Visiting Doctoral Researcher
United States

Miriam Rodgers is a D.Phil. candidate at the University of Oxford, under the supervision of Professor John Gardner. Her work on legal philosophy focuses on the forms of justice as they are applied in various areas of law. Ms. Rodgers studied philosophy and economics as an undergraduate at Washington and Lee University (2004) and earned her J.D. from the University of Texas, Austin (2007). At Oxford, Ms.
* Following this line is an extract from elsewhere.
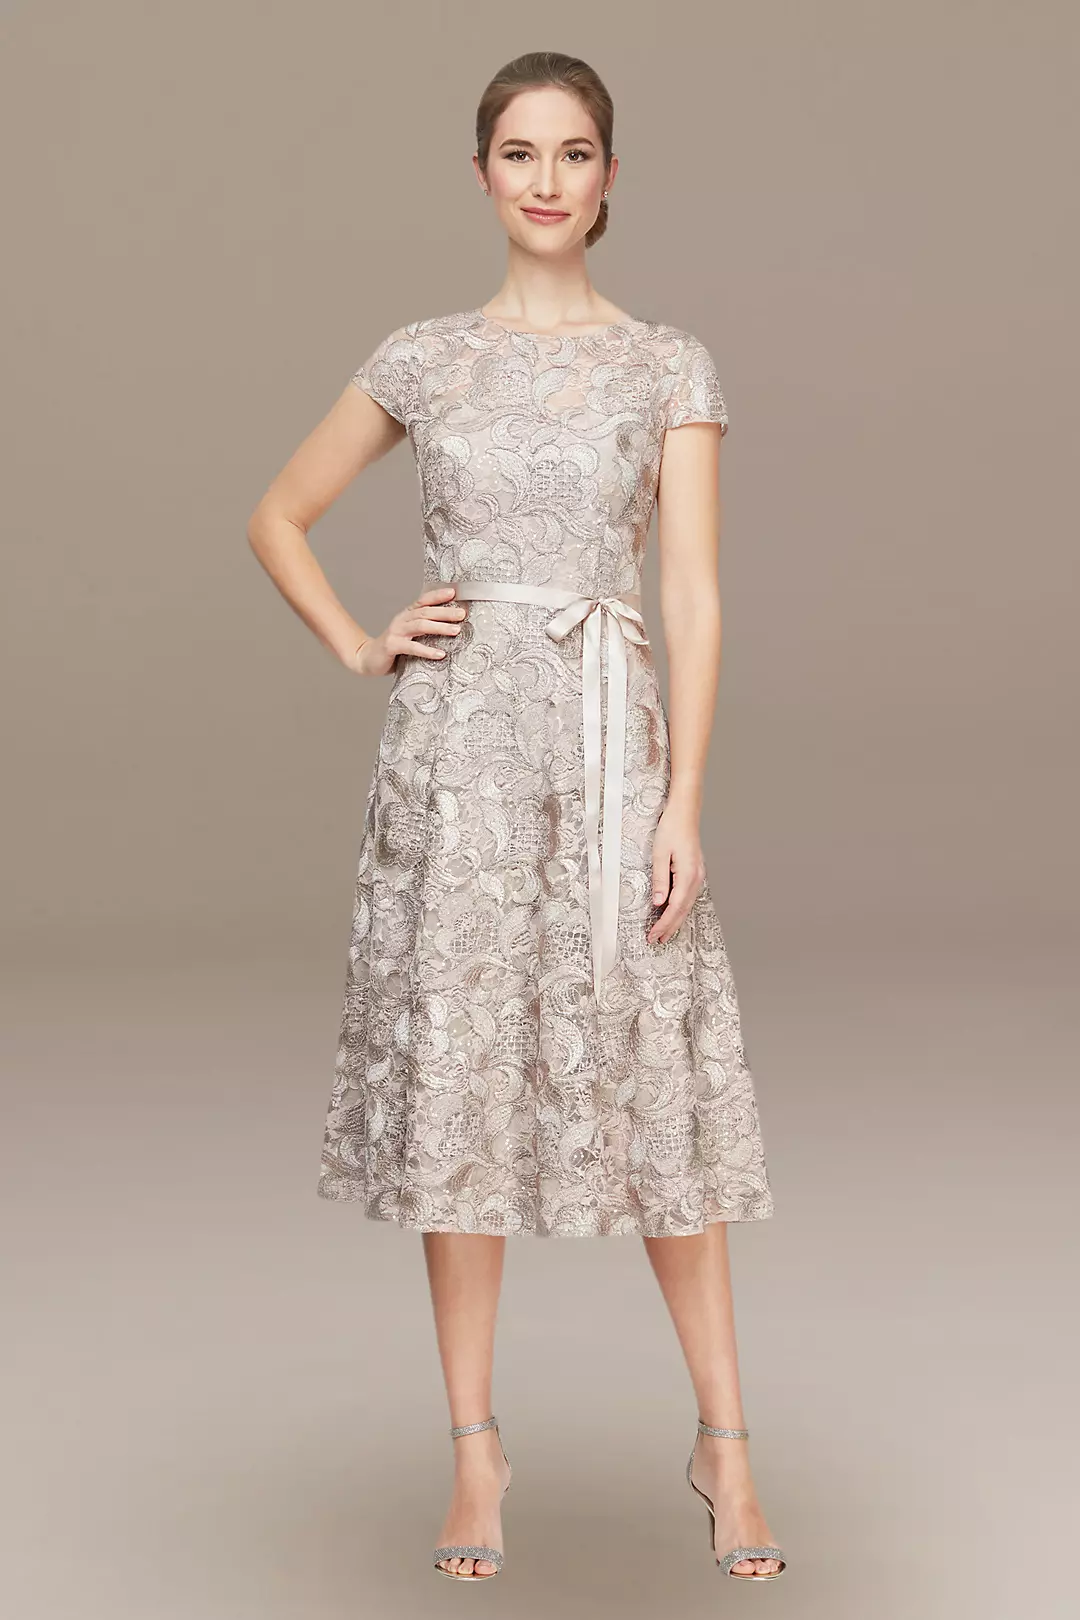 Lace Tea-Length A-Line Dress with Cap Sleeves | David's Bridal

Rodgers taught undergraduate Land Law as part of the University’s Graduate Teaching Assistantship scheme for 2008-2009. She has also been selected to teach undergraduate Jurisprudence as the University’s G.T.A. upon her return to Oxford in the spring of 2010.

 

 

Andrew Woods

Visiting Doctoral Researcher

United States

Andrew K. Woods is a PHD candidate at Cambridge University (Politics) where he is a Gates Scholar.  His thesis examines the implications of social science experiments about human behavior for the international human rights regime.  He is author of “A Behavioral Approach to Human Rights” (Harvard International Law Journal, forthcoming) and co-editor  (along with Profs Ryan Goodman and Derek Jinks) of UNDERSTANDING SOCIAL ACTION, PROMOTING HUMAN RIGHTS (Oxford University Press, forthcoming).  He is a graduate of Harvard Law School, where he was also a Hauser Fellow.